Source material:
--- START ---

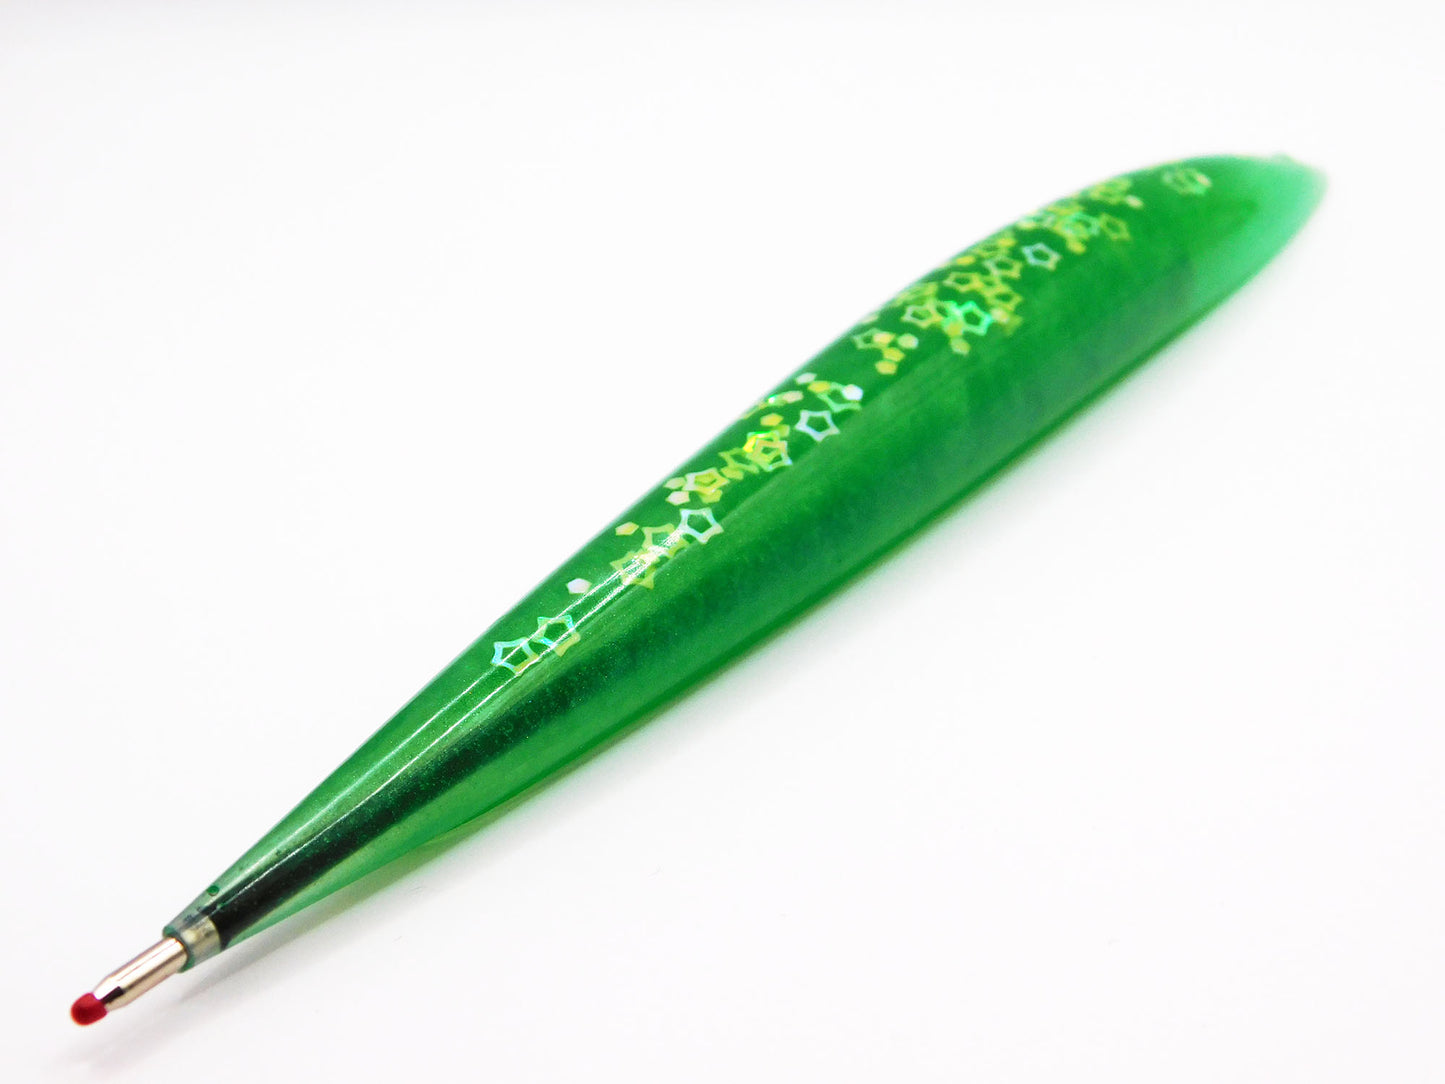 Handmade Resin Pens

--- END ---
--- START ---

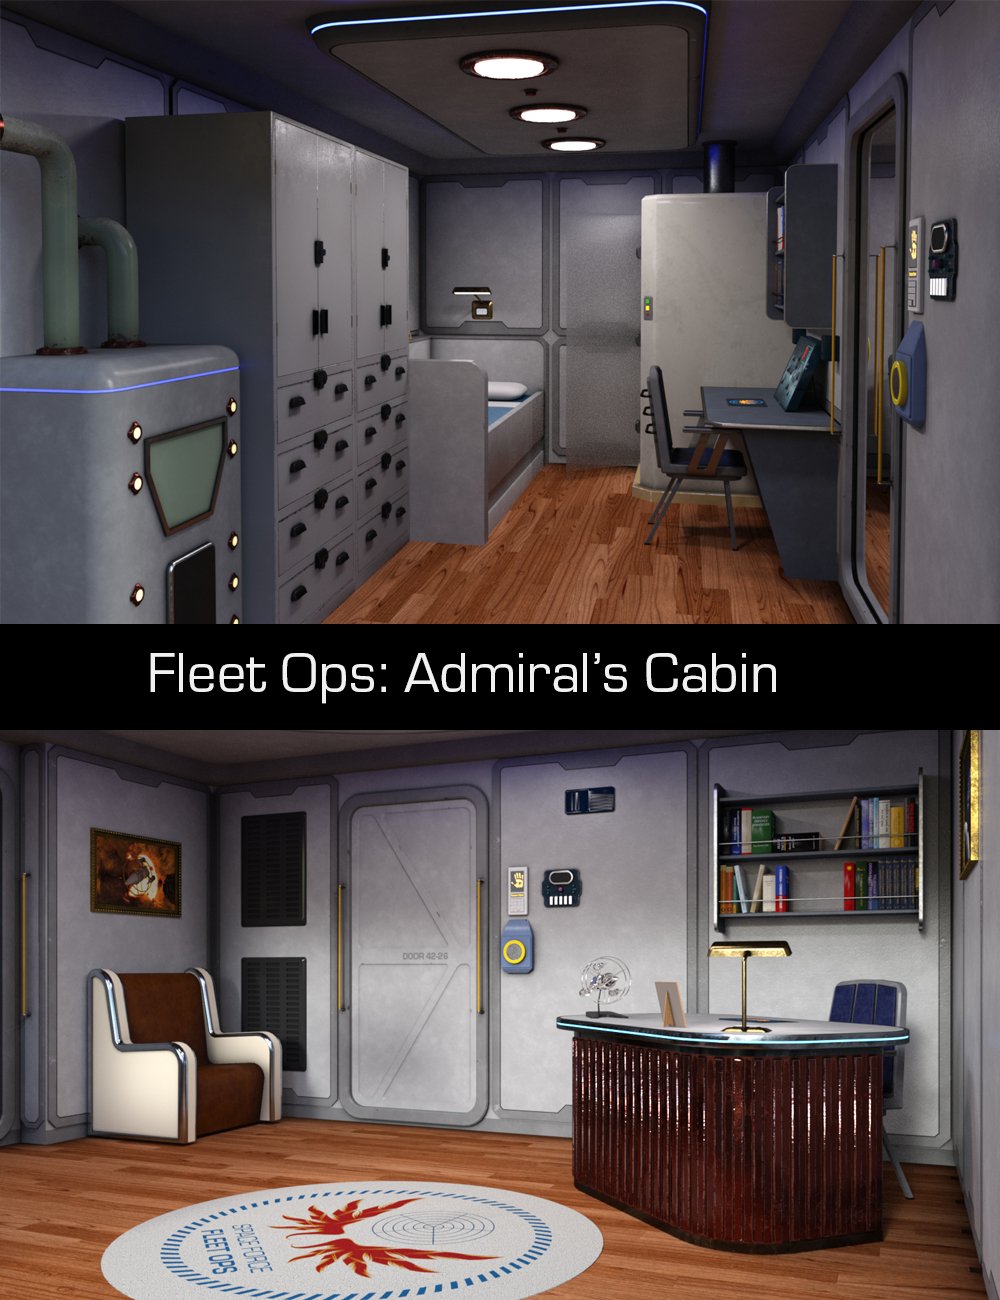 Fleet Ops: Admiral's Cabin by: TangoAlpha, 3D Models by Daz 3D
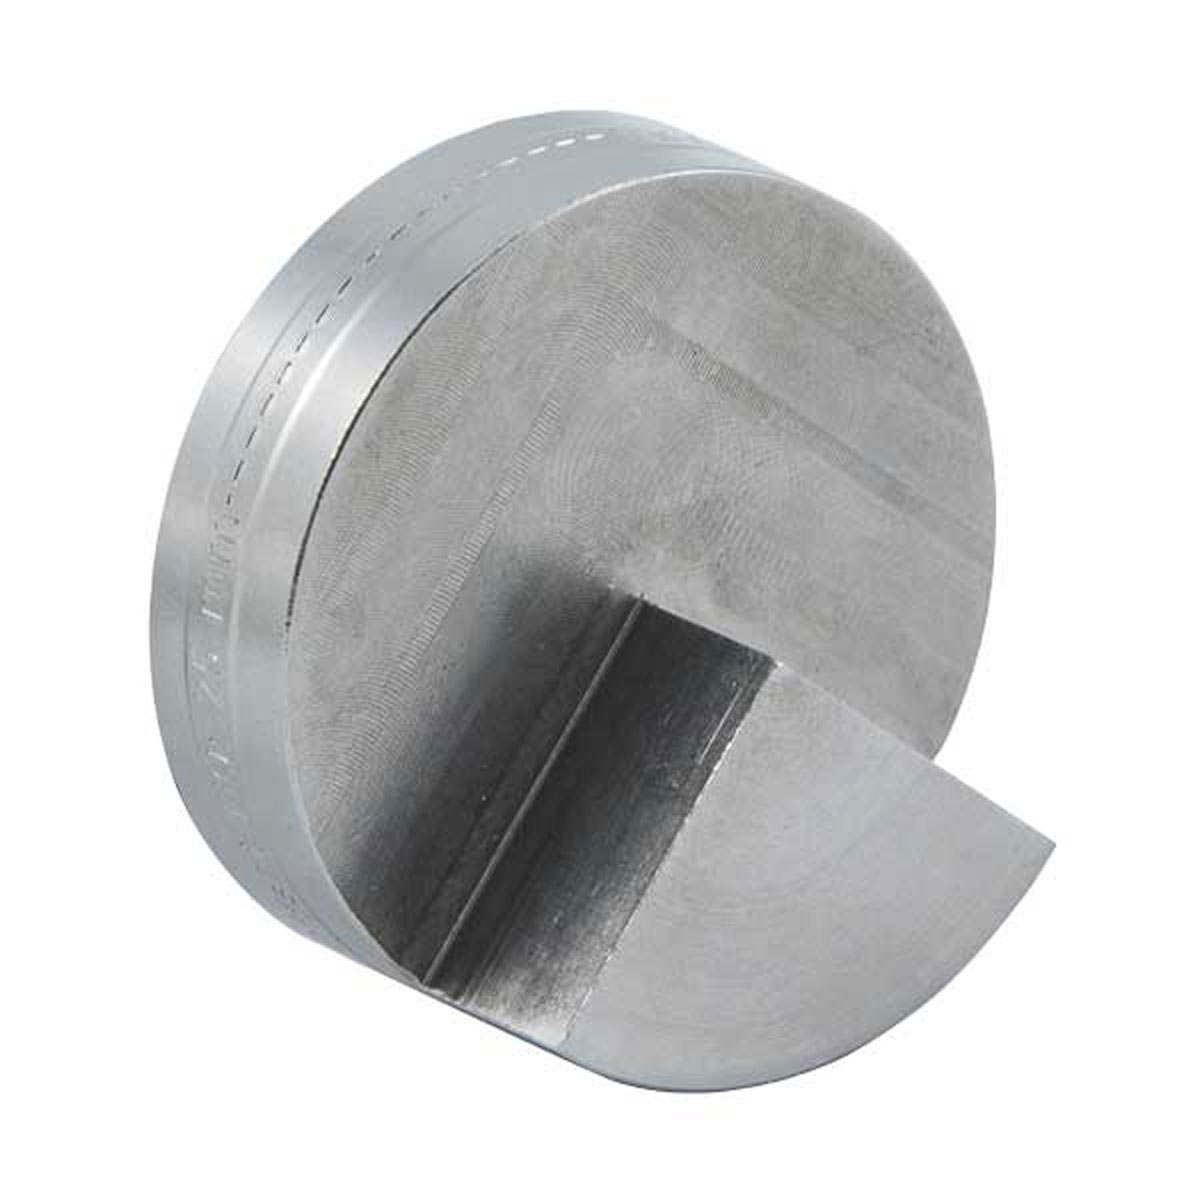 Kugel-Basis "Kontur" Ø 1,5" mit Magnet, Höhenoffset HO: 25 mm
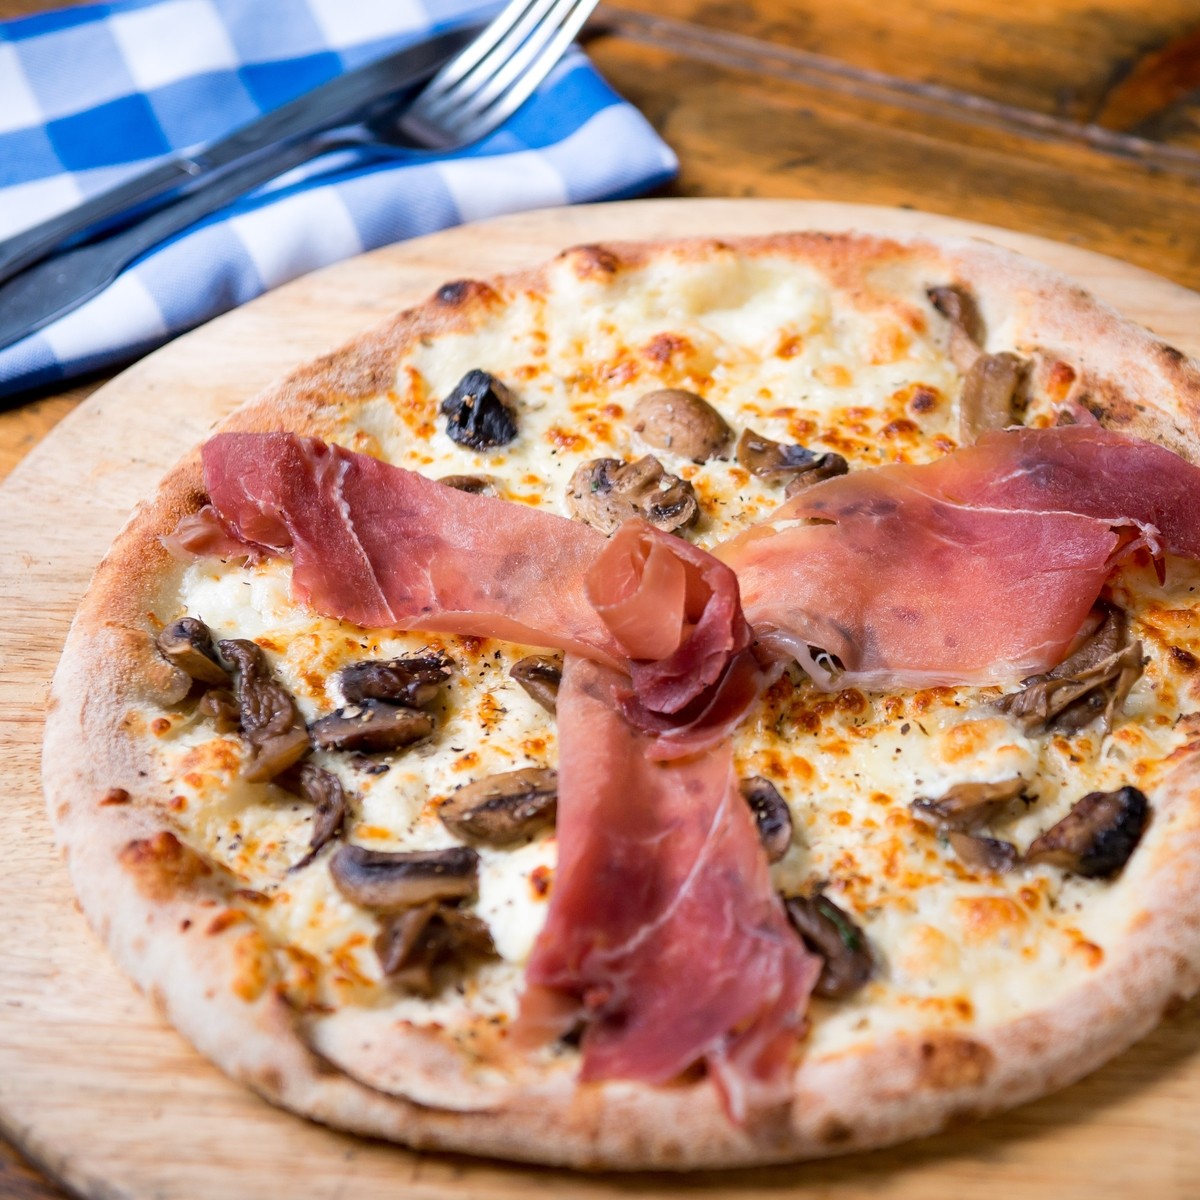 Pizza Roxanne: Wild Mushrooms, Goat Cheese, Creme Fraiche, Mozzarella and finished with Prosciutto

--- END ---
--- START ---

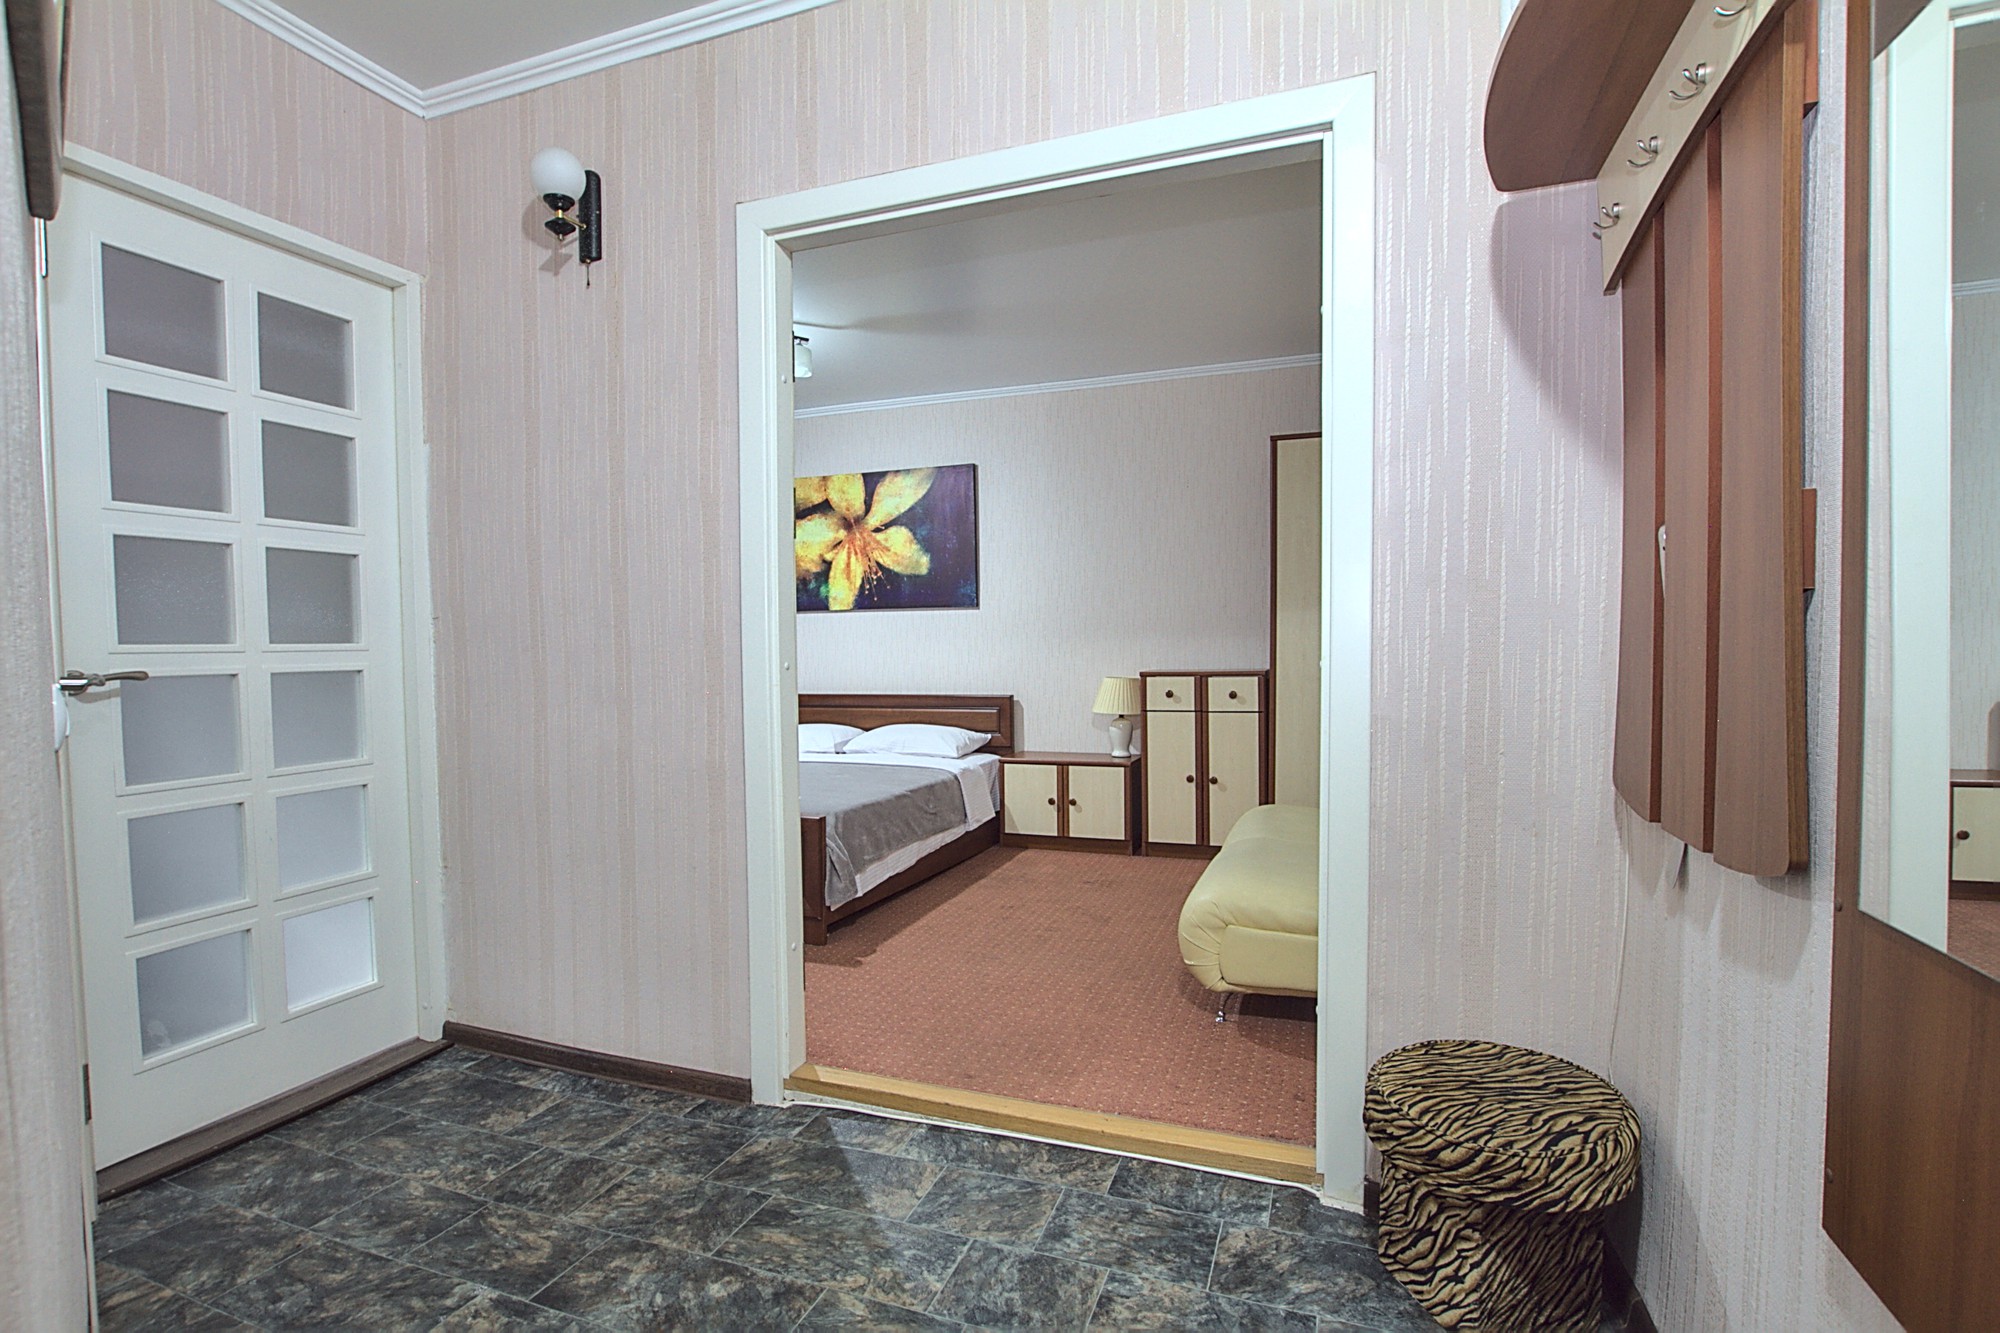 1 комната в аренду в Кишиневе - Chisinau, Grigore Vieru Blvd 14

--- END ---

Directions for this task: Leave the pictures out, and transcribe exactly the lines above starting at the one that contains "Fleet Ops: Admiral's" and ending at the one that contains "Pizza Roxanne: Wild".

Exercise answer:
 Fleet Ops: Admiral's Cabin by: TangoAlpha, 3D Models by Daz 3D
 Kugel-Basis "Kontur" Ø 1,5" mit Magnet, Höhenoffset HO: 25 mm
 Pizza Roxanne: Wild Mushrooms, Goat Cheese, Creme Fraiche, Mozzarella and finished with Prosciutto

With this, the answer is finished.